Go line by line through the listing below and copy those that hold "Vintage".

»»

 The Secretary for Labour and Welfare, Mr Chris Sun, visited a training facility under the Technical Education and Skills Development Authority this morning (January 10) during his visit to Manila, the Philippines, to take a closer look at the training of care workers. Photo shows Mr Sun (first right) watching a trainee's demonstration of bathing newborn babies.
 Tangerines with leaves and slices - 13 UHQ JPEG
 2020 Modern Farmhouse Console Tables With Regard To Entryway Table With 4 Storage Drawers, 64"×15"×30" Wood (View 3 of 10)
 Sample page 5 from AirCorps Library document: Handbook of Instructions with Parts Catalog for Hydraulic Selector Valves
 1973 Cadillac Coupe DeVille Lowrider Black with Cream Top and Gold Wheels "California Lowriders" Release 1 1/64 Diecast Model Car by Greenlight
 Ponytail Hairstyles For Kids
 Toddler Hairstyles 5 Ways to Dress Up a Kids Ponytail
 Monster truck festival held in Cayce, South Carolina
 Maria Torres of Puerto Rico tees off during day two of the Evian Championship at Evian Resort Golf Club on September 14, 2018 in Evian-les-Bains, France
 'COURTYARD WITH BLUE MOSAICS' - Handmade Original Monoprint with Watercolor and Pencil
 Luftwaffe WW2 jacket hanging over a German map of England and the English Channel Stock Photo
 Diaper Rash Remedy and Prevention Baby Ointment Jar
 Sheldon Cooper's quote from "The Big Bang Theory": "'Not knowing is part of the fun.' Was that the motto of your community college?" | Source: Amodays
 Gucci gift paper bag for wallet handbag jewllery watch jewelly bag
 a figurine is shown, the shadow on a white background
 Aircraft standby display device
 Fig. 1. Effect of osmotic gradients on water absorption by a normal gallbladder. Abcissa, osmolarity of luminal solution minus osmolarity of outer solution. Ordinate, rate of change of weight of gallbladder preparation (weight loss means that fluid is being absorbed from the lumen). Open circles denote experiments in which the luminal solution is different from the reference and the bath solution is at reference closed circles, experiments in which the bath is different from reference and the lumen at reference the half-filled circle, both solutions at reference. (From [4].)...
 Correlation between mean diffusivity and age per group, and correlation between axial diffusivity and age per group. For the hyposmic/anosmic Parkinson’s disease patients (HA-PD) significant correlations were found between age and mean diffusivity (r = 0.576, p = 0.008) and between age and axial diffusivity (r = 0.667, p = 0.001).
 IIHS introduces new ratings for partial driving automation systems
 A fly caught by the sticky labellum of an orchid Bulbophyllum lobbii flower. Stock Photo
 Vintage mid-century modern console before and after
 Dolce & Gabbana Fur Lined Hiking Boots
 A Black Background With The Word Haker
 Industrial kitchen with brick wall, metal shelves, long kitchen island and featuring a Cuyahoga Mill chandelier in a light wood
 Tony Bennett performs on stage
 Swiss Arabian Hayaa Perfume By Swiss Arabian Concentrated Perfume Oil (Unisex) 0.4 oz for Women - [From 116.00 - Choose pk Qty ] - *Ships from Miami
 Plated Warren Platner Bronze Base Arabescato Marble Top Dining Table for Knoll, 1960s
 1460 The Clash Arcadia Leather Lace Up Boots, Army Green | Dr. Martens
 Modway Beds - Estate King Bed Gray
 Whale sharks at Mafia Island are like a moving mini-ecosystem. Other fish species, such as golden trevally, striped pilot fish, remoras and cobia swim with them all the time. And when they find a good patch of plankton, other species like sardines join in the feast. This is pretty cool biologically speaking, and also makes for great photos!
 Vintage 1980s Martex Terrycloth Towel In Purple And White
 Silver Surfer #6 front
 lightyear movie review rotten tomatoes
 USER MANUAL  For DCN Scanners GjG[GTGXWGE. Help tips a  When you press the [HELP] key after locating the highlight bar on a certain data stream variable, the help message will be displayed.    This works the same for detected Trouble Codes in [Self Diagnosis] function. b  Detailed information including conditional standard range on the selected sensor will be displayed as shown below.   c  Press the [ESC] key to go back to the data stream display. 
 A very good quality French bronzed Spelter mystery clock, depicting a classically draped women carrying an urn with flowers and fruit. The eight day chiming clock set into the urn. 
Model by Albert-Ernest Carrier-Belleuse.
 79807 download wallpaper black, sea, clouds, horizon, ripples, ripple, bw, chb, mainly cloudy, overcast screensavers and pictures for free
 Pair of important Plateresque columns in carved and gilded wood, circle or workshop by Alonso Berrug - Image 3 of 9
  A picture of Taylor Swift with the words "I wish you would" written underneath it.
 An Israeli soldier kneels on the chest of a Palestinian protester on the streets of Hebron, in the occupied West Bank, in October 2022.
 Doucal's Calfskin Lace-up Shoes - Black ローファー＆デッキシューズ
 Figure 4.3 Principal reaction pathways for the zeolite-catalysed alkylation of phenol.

««

§ Solution:
 Vintage mid-century modern console before and after
 Vintage 1980s Martex Terrycloth Towel In Purple And White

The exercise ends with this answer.